Area calculation (integration) determines the area under the analog pulse above a certain voltage (ADC value) threshold. A common application is for high-energy particle detection with solid-state detectors. As the particle hits the detector it loses energy continuously as it travels through the sensor, yielding information about its energy. The area of the energy spectrum captured in the form of a pulse corresponds to the energy of the particle.

Above a threshold, the DSP FPGA can integrate all ADC values until the signal falls back below threshold. The integration error is based on sampling per the standard sampling theorem and integration technique. Integrated errors are usually insignificant.

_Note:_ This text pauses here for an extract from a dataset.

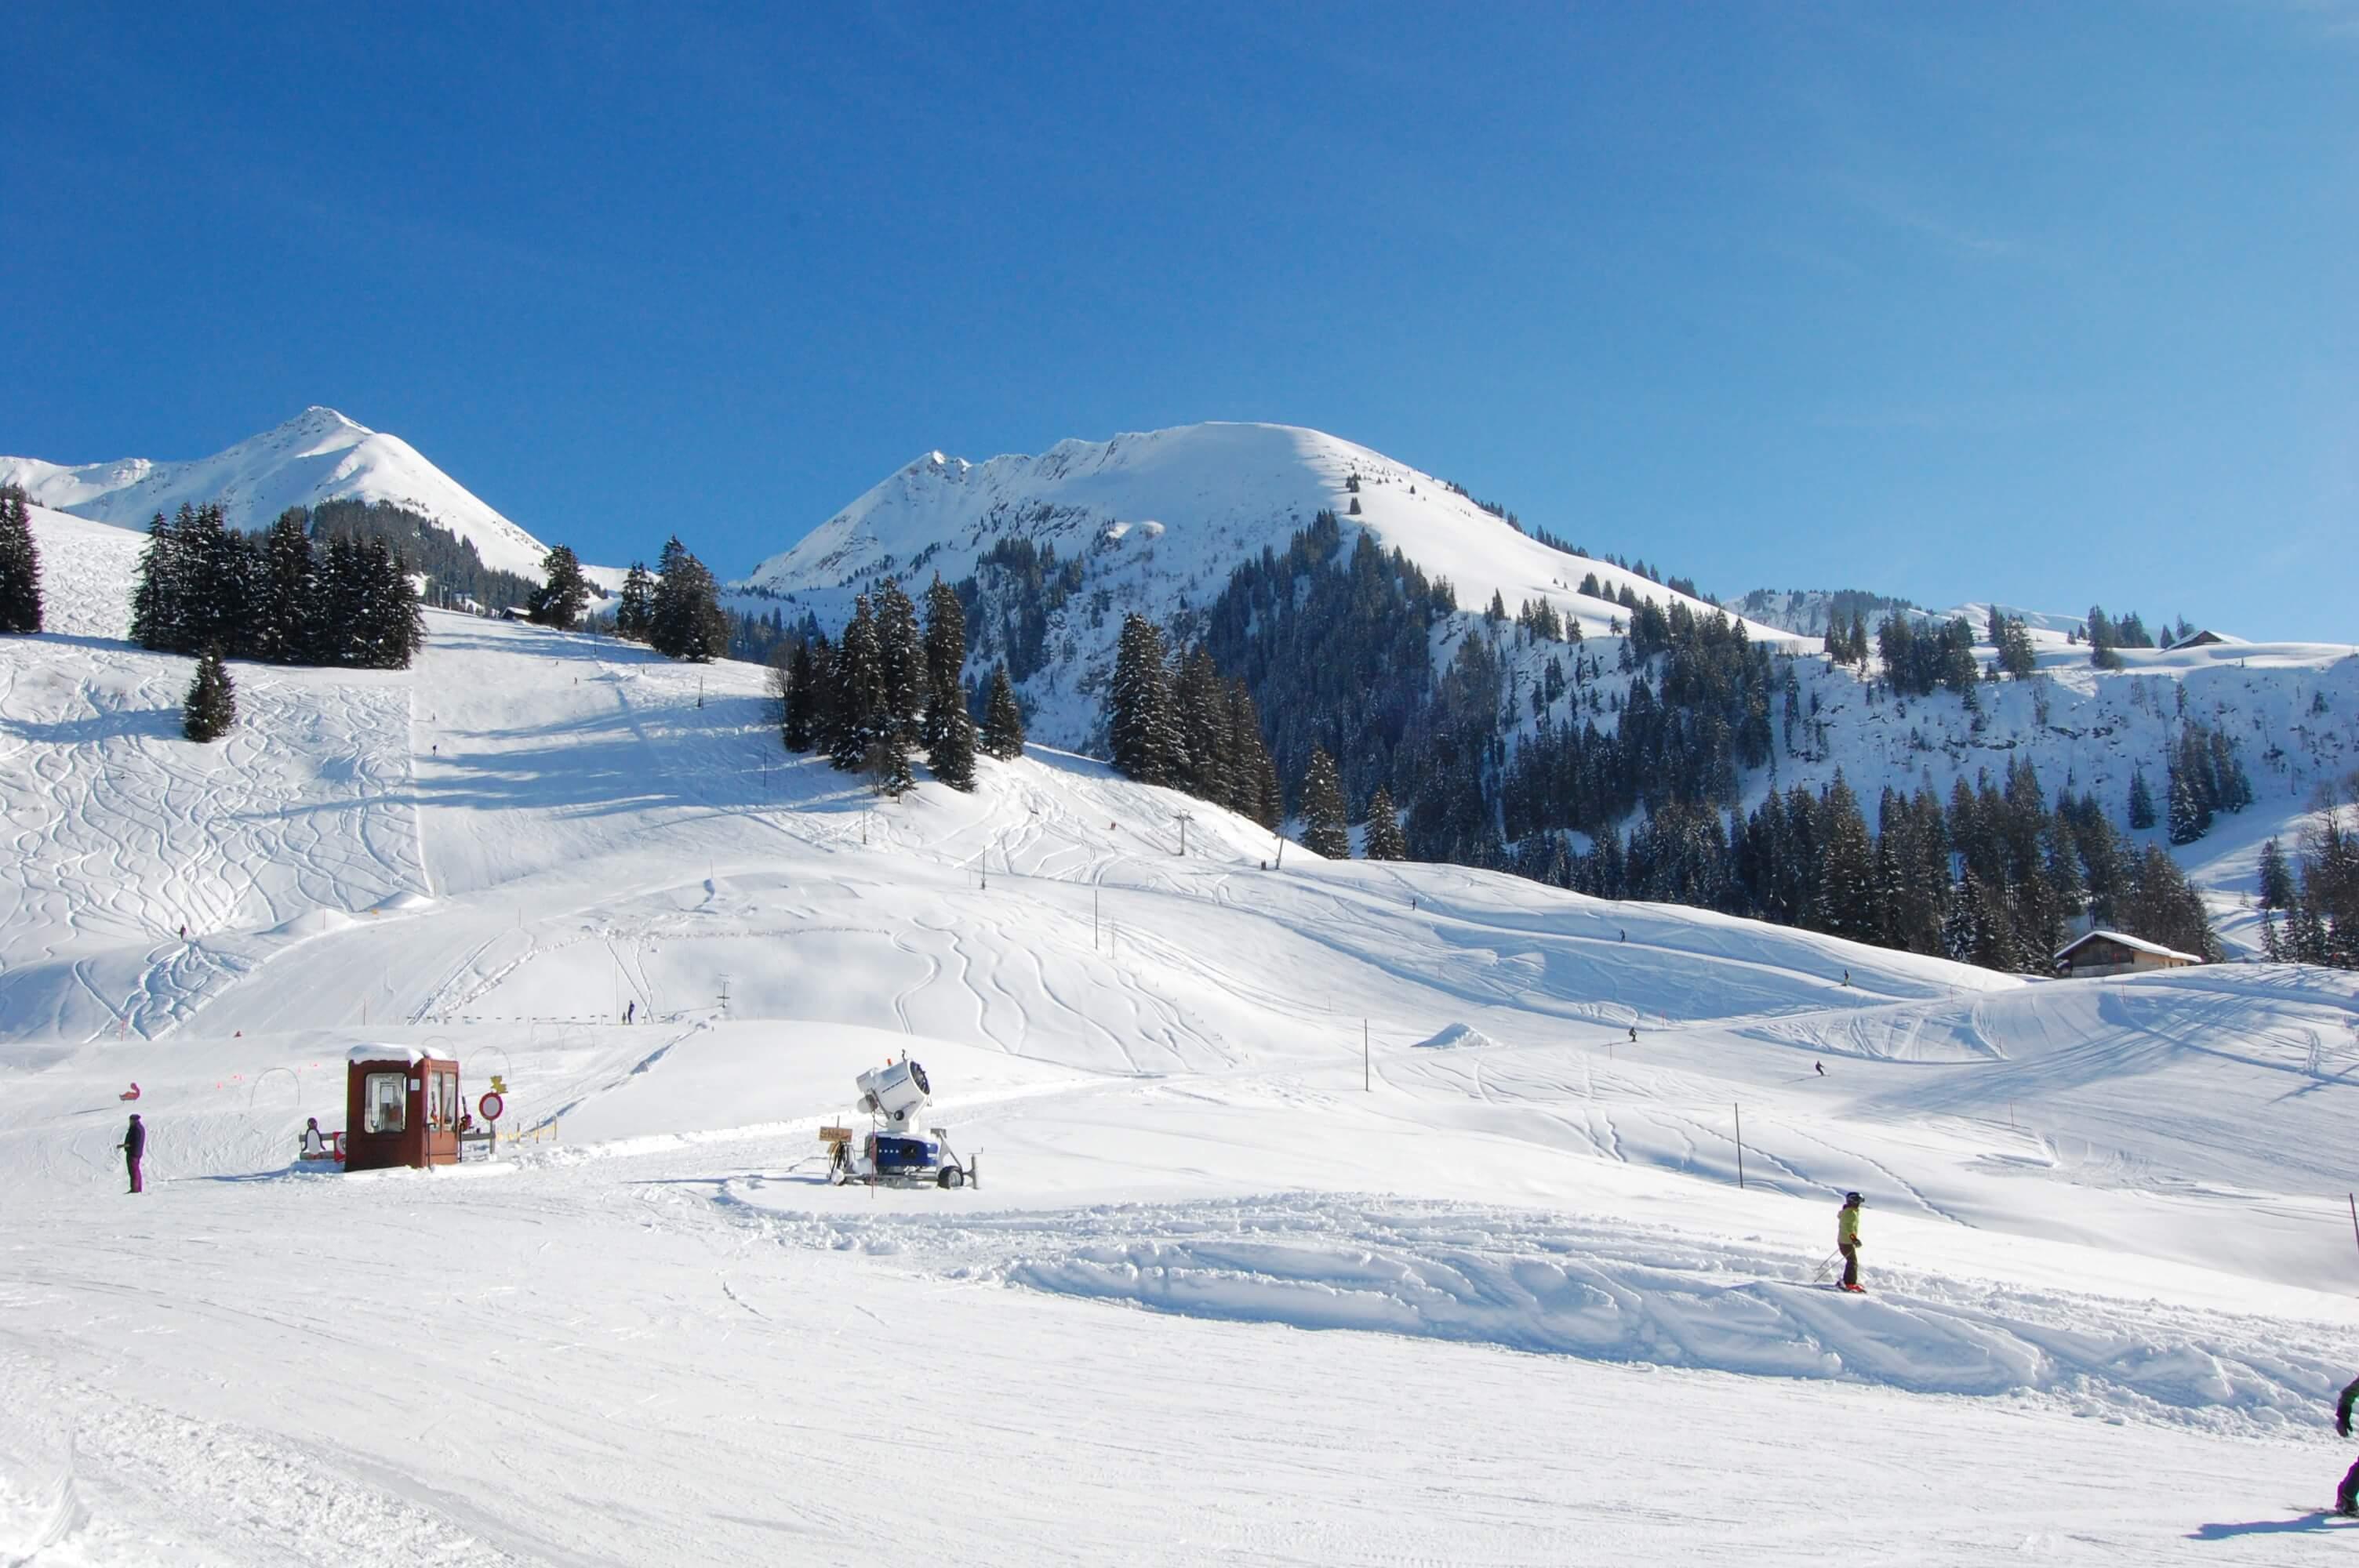 Skiegebiet Springenboden mit Blick auf die verschneiten Berge

Another typical science algorithm, the ramp rate calculation, is of particular usefulness. One common application of ramp-rate is for Langmuir probes, where the current versus voltage ratio is monitored by the detector electronics while ramping. The correlation between the two yields vital information about the temperature of the surrounding plasma, the potential of the spacecraft, and the type of particle dominance surrounding the probe.

Time delay measurements are very common in mass spectrometry, where the ions are deflected and the length of the time delay between when it enters the detector to when it exits corresponds to the mass of the particle. Basically what the algorithm does is calculates the time delay between two peaks, shift out the oldest value, grabs a new value, does a new calculation and so on [1].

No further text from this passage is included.